Point-Based Multi-View Stereo Network
ICCV 2019 oral → TPAMI
cost volume → directly process point clouds
predict the depth in a coarse-to-fine manner
leverage 3D geometry priors and 2D texture information jointly → feature-augmented point cloud
key sight: 节省内存,重建质量更高,同时还有潜在应用(forested depth inference)

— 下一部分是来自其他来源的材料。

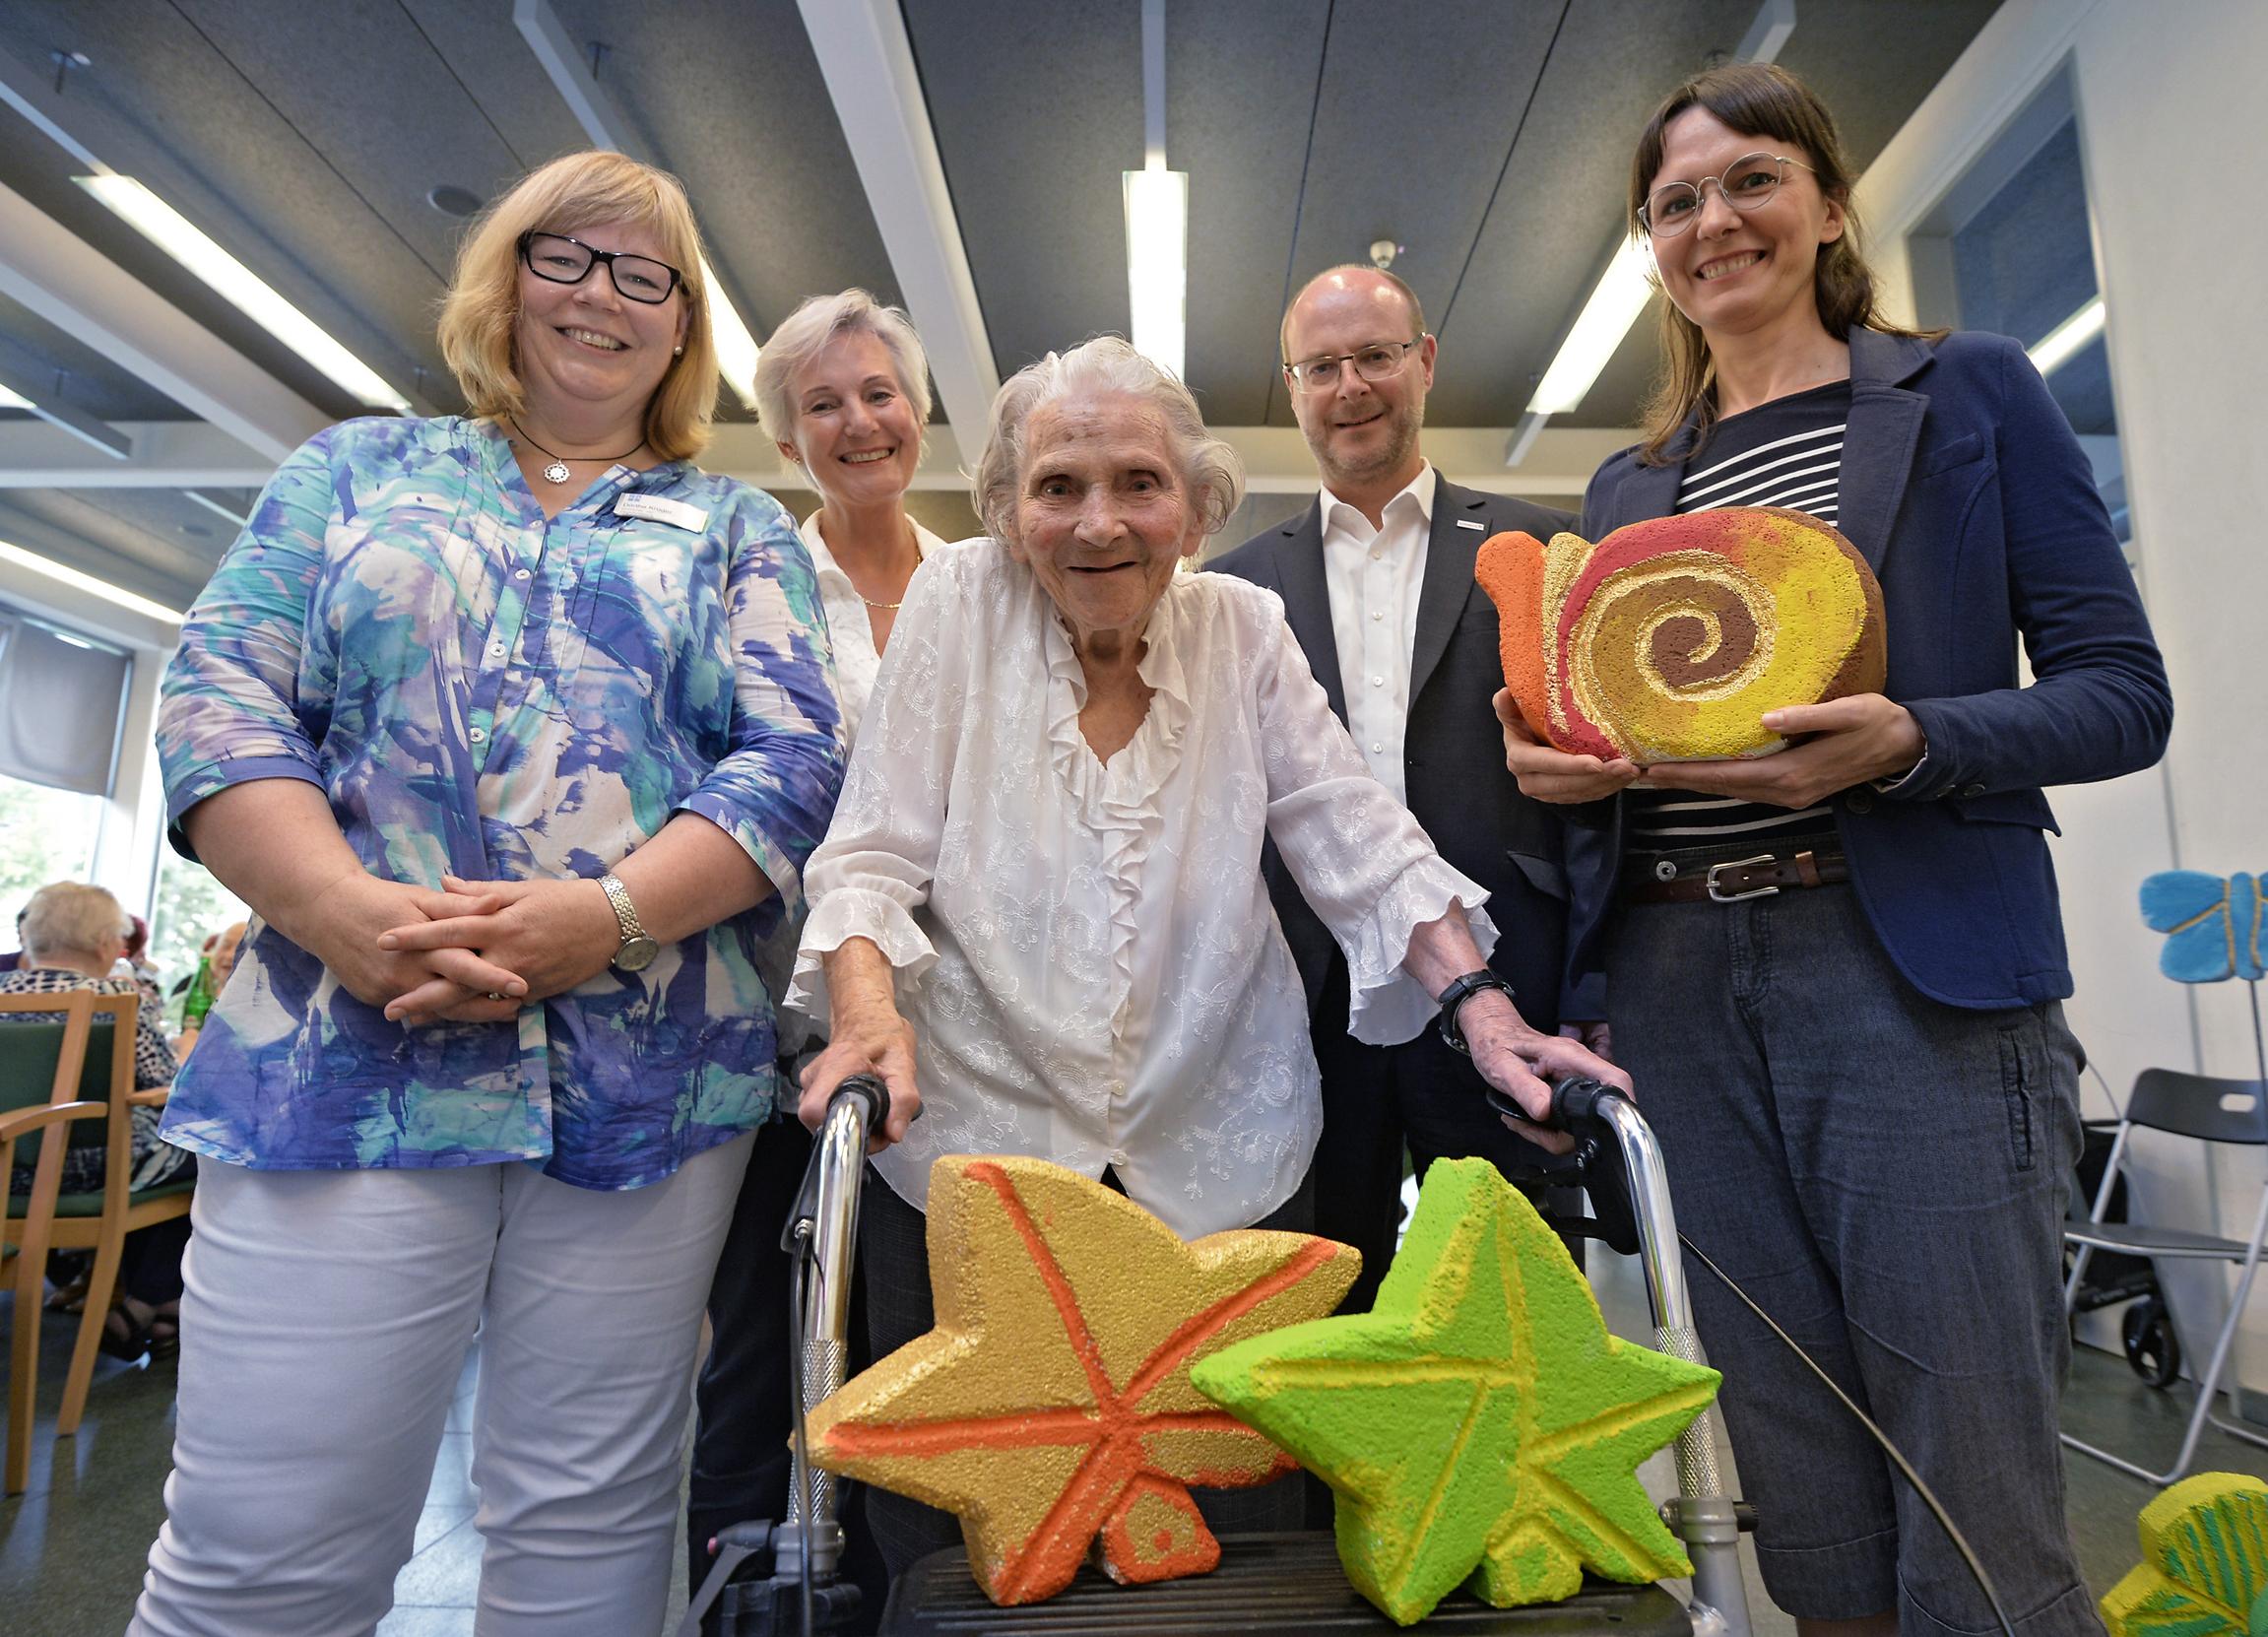 v.l. Dörthe Krüger, Ellen Weinebrod, Bewohnerin Sibille Stöffges, Dr. Günter Hilken sowie Yvonne Wilczynski. (Foto: Currenta)

small 3D cost volume generate an initial coarse depth map, then converted to point cloud
iteratively regress point cloud from initial point cloud using PointFlow
本文: PointFlow module, which estimates the 3D flow based on joint 2D-3D features of point hypotheses
use MVSNet to predict a relatively low-resolution cost volume
图像1/8下采样,深度假设层从256缩减到48 or 96,内存消耗为MVSNet的1/20
3-scale,每个下采样的前一层都被提取用来构建最终的特征金字塔 [Fi1, Fi2, Fi3]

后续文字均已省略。